[Records]
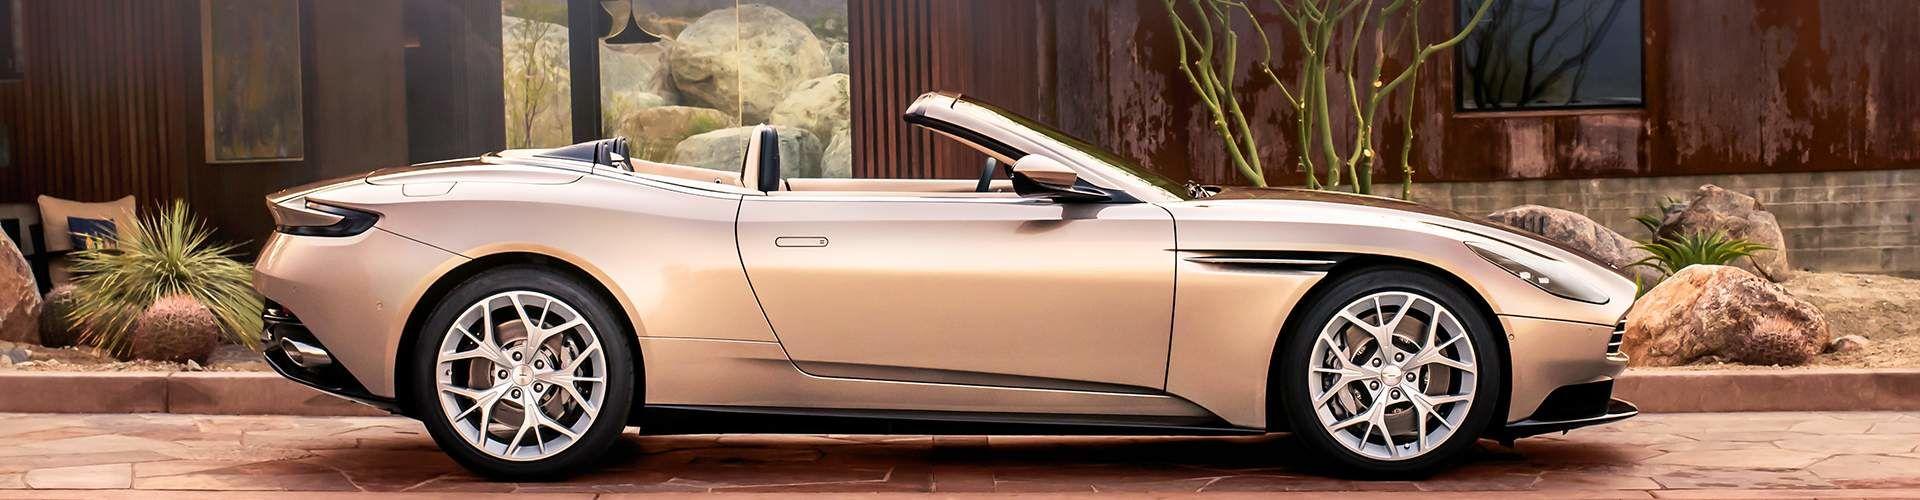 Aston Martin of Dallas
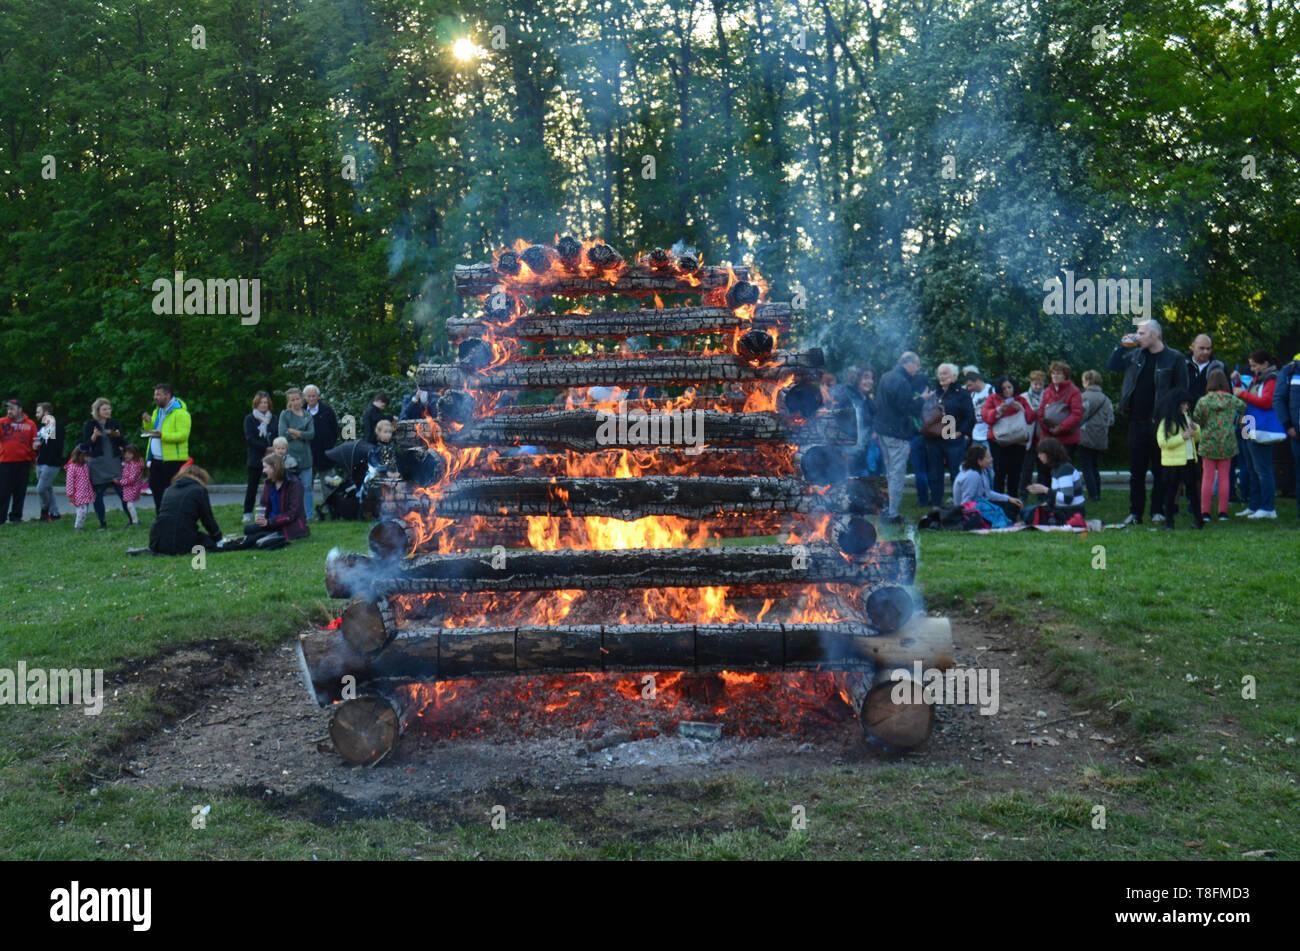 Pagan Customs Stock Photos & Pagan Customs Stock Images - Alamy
[/Records]
[Records]
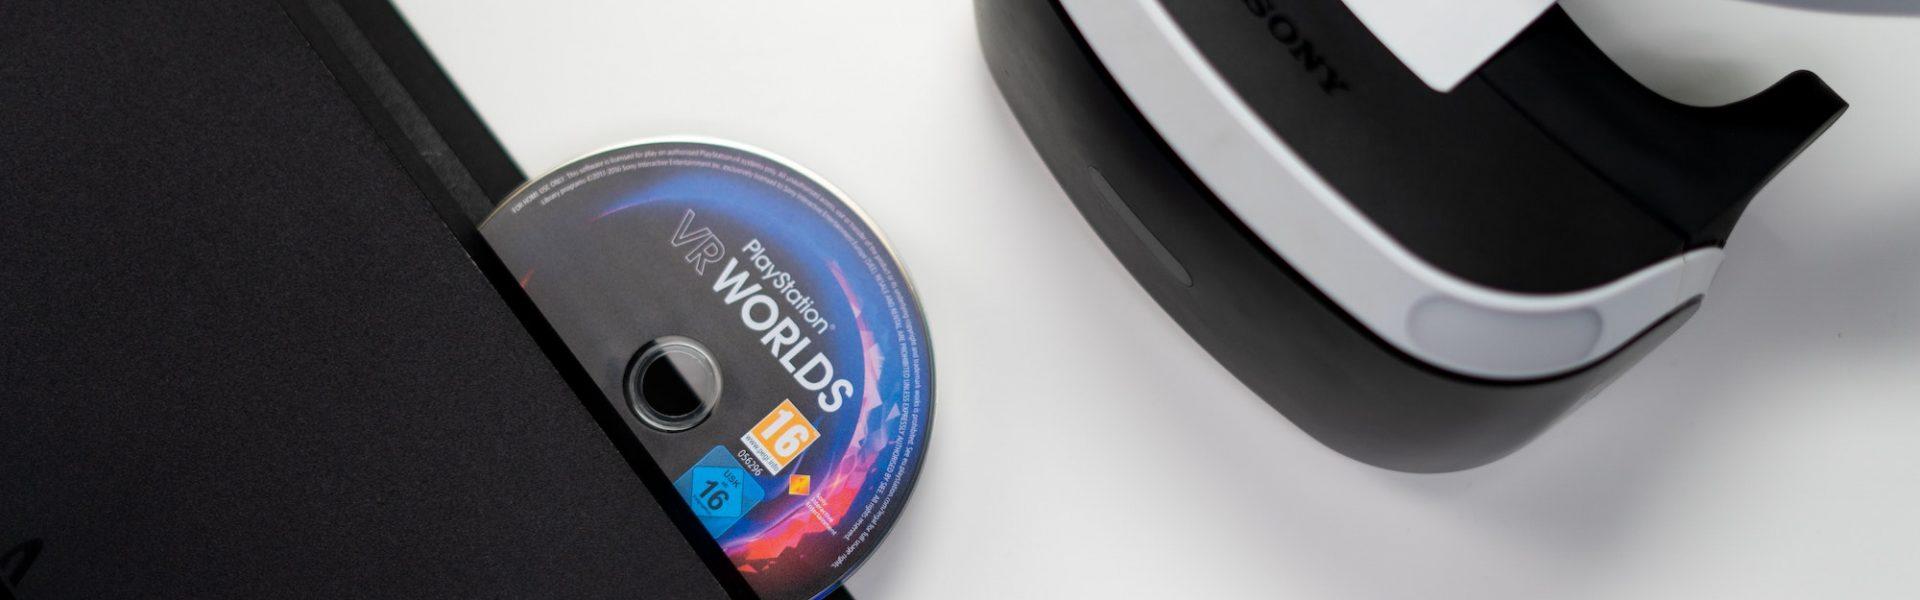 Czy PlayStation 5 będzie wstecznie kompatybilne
[/Records]
[Records]
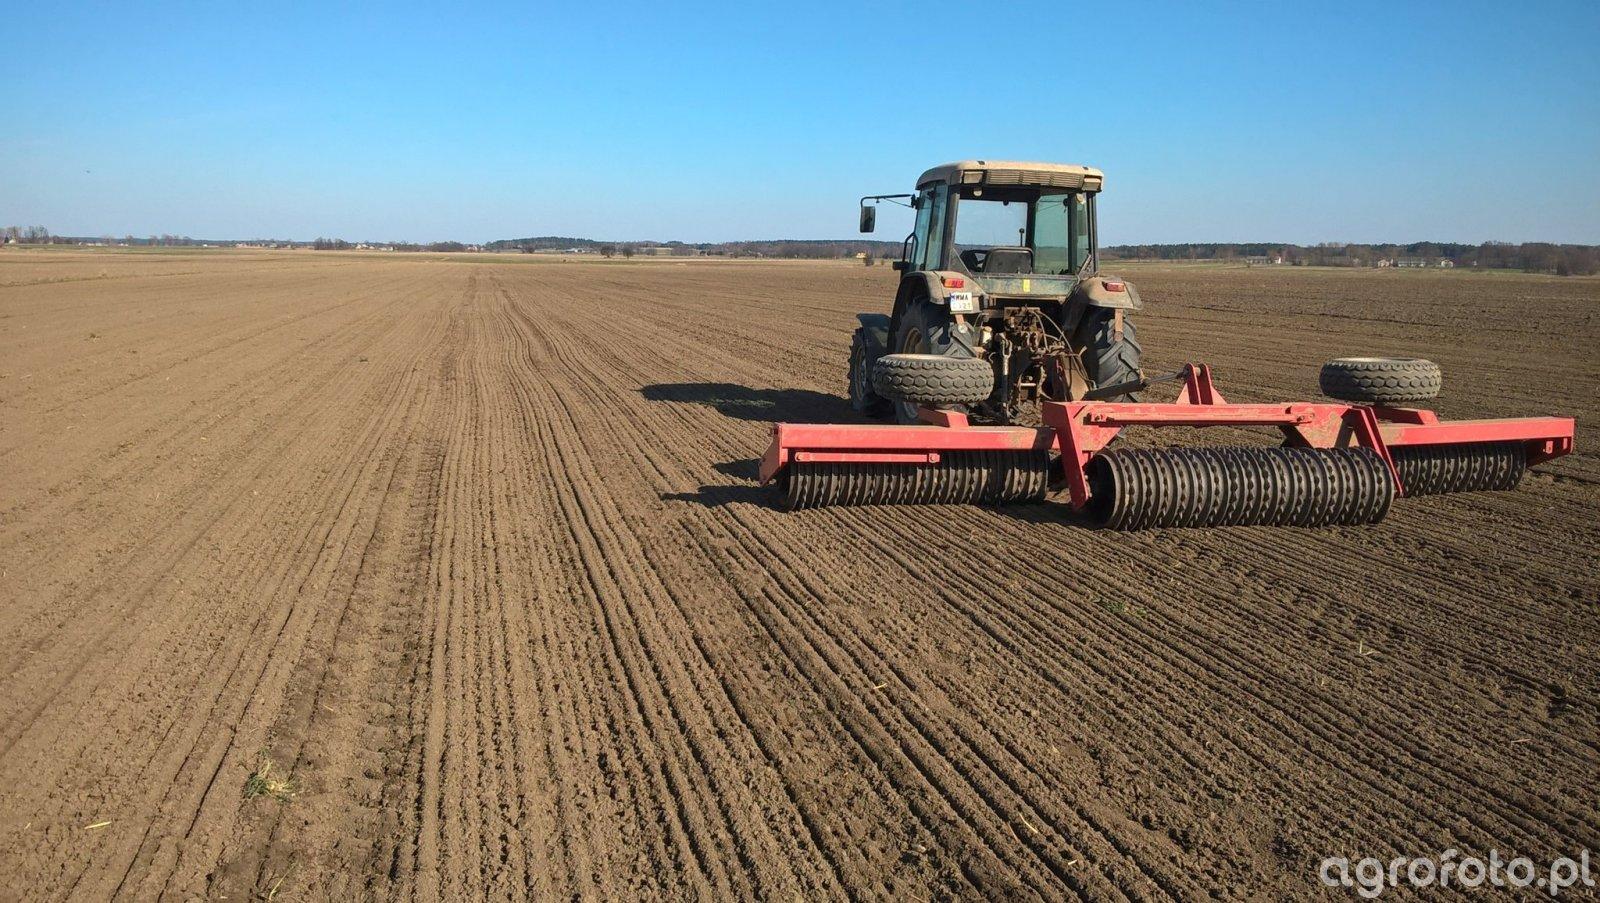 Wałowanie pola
[/Records]
### Instructions for the task
The answer is those lines of the material above that run from the one containing "Aston Martin of Dallas" up to and including the one containing "Pagan Customs Stock Photos", restated exactly and without images.

### Solution for this task
 Aston Martin of Dallas
 Pagan Customs Stock Photos & Pagan Customs Stock Images - Alamy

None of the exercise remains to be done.